Garbage characters in C

Edited question
I understood my mistake in the code I had given in the original question, and the characters I was getting are garbage characters. Although, I still have a few questions about garbage characters in C:
Why can't the character be copied?
Do garbage characters have some pattern? Meaning that can you predict for an empty string what character can come, for an empty integer what will come, and so on.
When a variable is declared, why does it have a garbage character instead of being blank? Is there a specific reason of storing it with a garbage character?
For a string which is not null-terminated, will the same garbage character be printed on every OS? If yes, which one?
Are there the same garbage characters on every OS? Or are they different?
Is there a way to print these characters on the stdout buffer in C / C++?
If you see carefully in the character , there are some characters and numbers in it. Do they represent something?
Is there a list of garbage characters which can be printed in C / C++?
Original Question
Title of original question: Mysterious character output in C
I had come across this code in K & R:
int scanline (char str [], int lim) /* Line will be read in 'str []', while lim is the maximum characters to be read */
{
int c, len, j; /* 'len' will have the length of the read string */
j = 0; /* Initializing 'j' */
for (len = 0; (c = getchar ()) != EOF && c != '\n'; ++len) /* Reading a character one by one, till the user enters '\n', and checking for failure of 'getchar' */
{
if (len < (lim -2)) /* Checking that string entered has not gone beyond it's boundaries. '-2' for '\n' and '\0' */
{
str [j] = c; /* Copying read character into 'string [j]' */
++ j; /* Incrementing 'j' by 1 */
}
}
if (c == '\n') /* Checking if user has finished inputting the line */
{
str [j] = c; /* Copying newline into string */
++j;
++ len;
}
return len; /* Returning number of characters read */
}
In the K & R, it is known as getline, but I made changes, added comments, and thus defined it as scanline. To test this, I made a demo program:
#include <mocl/cancel.h>
int main (int argc, char **argv)
{
int len;
char str [50];
len = scanline (str, 50);
printf ("len = %d\n str = %s\n", len, str);
return 0;
}
The required headers and the function was in my own library, cancel.h. Then when I compiled my program, it was successful. Although, when I ran the executable, I got unexpected output (I cannot type it as I get a character which when I copy, it just gets pasted as 'm'):
The mysterious character is which when I copy, gets copied as the letter m. Also, when I run my program with different inputs, I get different mysterious outputs:
In another case, I get perfect output, just that a blank line is printed:
I had also come across this question, in which the user gets the same symbol.
What have I done till now?
I searched a lot, and I could not find any clue about this character, but if you see carefully, in the second image, I get more characters when I enter "hi this is ashish". One of them is the slash, and one is . But I get another character . I got this link which was showed how to reproduce it, and explained it, although I could not understand. When you run the code given there, you get a lot of characters, and one of them is . Although, even the author of that article could not copy it, and has not posted it.
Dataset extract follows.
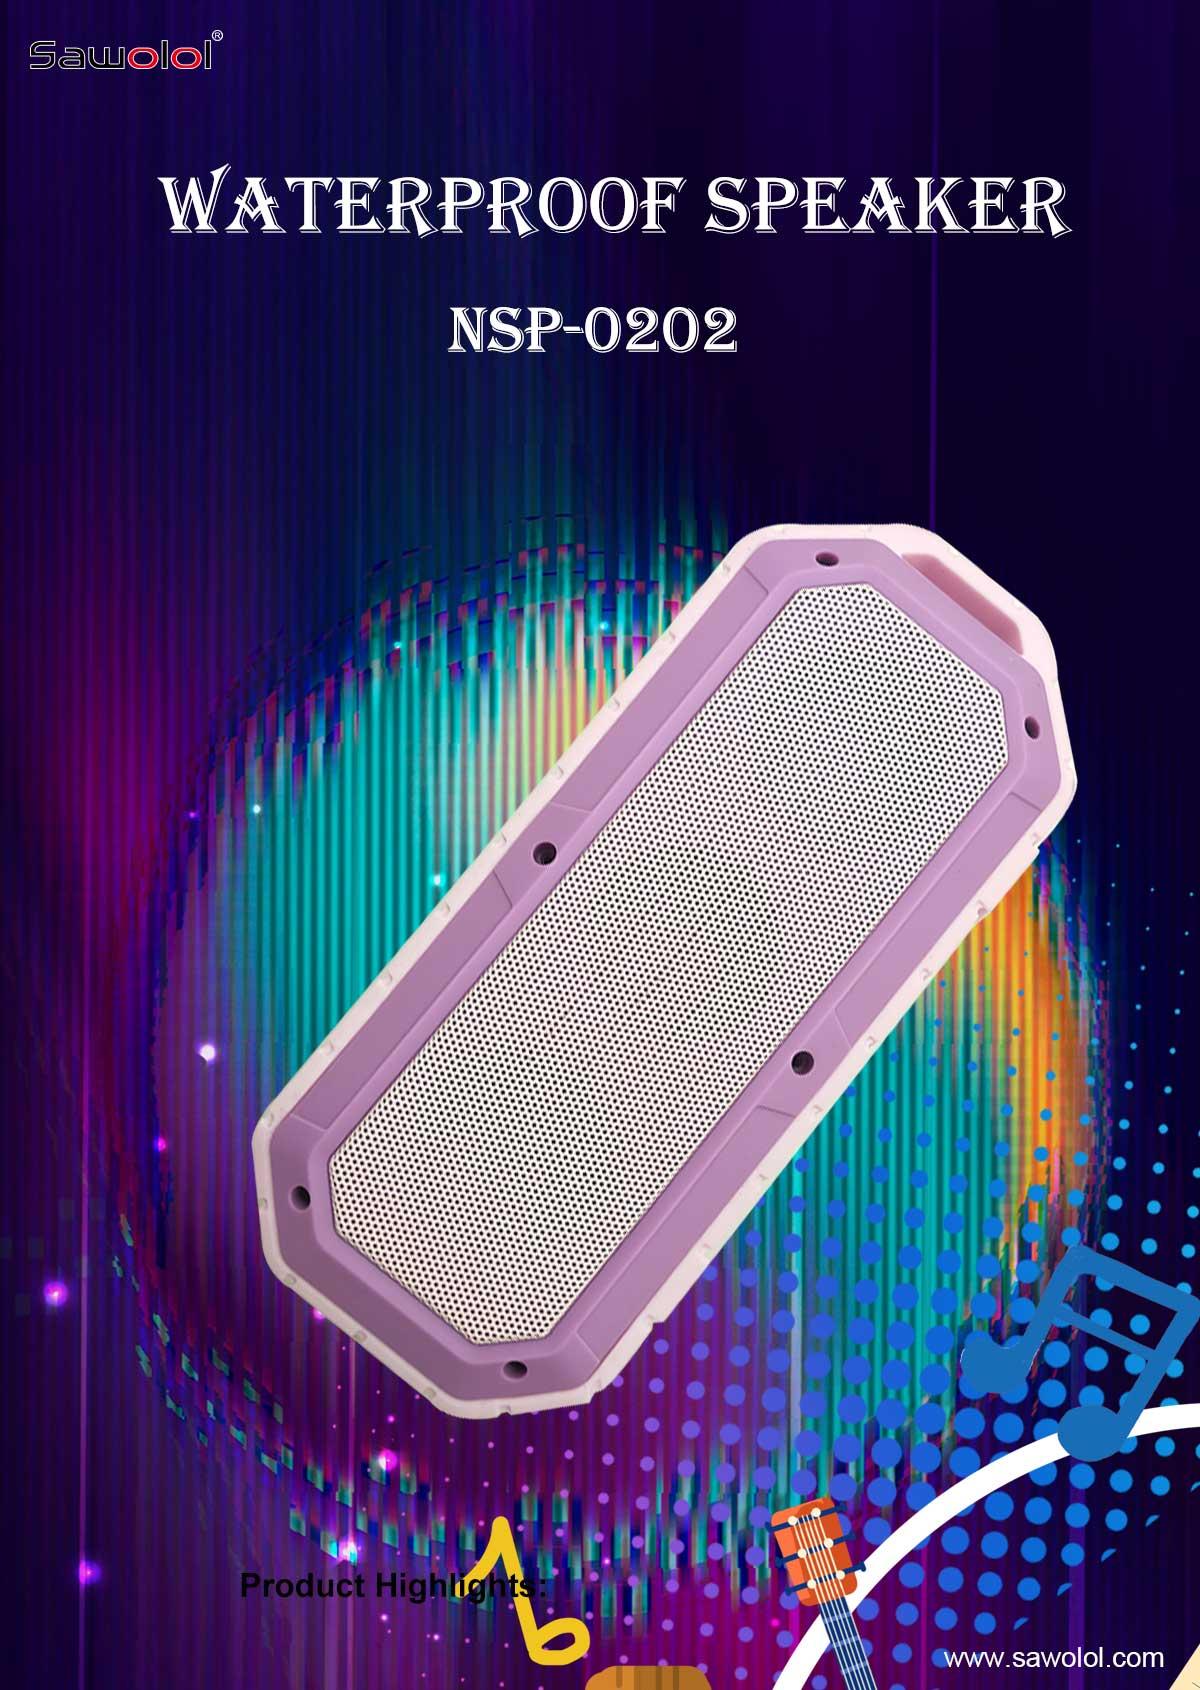 Waterproof speaker for shower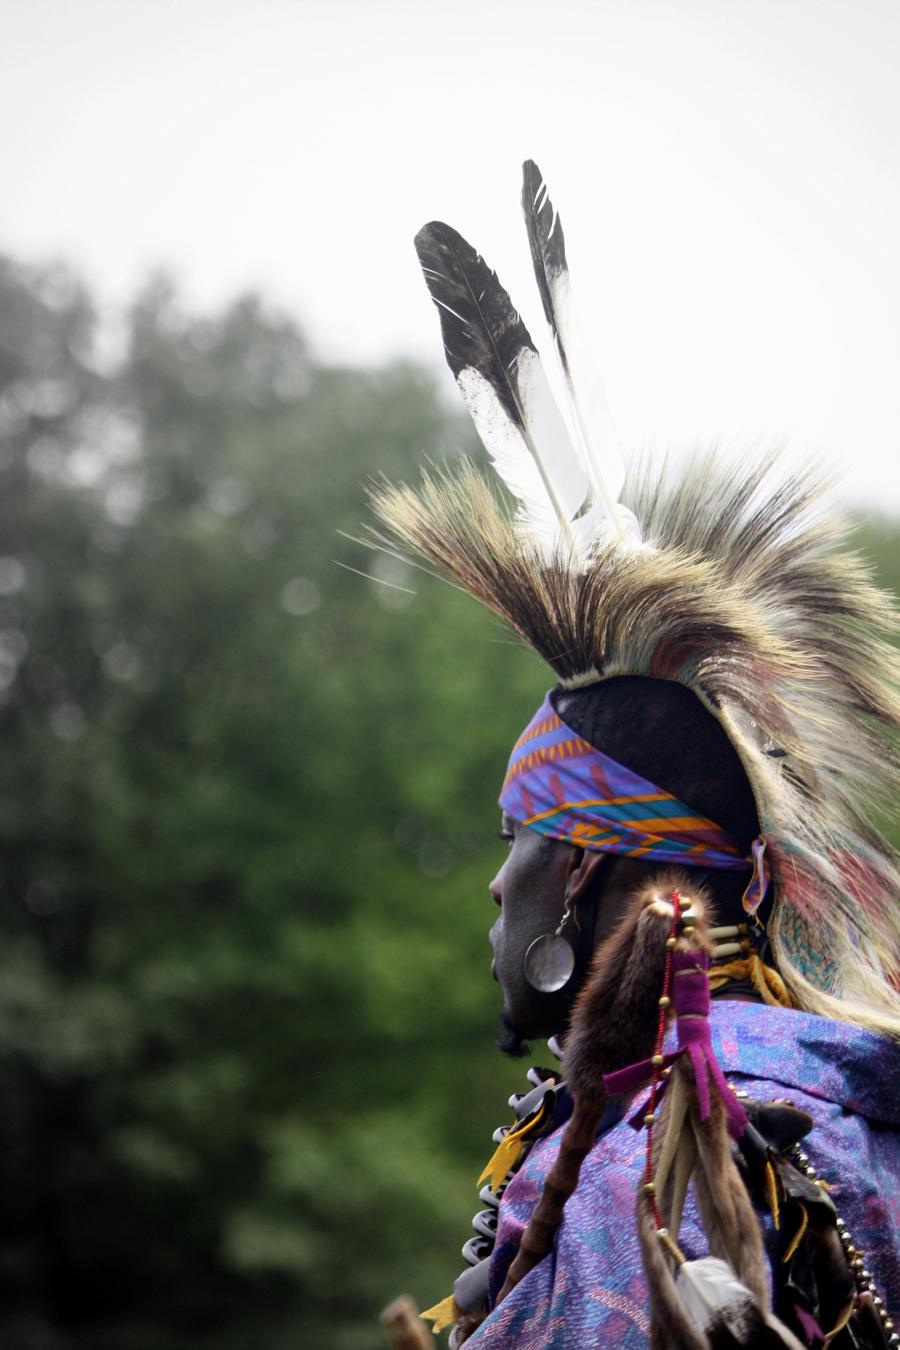 warrior native plain american - photo #26

So here's the output:
That was the actual output, as that's not clear, here's a cut out version:
So basically I got to know that both the characters and are extended characters from a string. At that point, I actually figured out what was causing the problem in scanline.
The lines
if (c == '\n') /* Checking if user has finished inputting the line */
{
str [j] = c; /* Copying newline into string */
++j;
++ len;
}
were causing the problems as you were copying a newline into the string. It worked, but I'm not sure why, as doing that was just a guess. I searched but still could not find the reason.
My Questions
How does removing those lines make the program work properly?
What are the characters and ? What are they supposed to do and how did they appear over here?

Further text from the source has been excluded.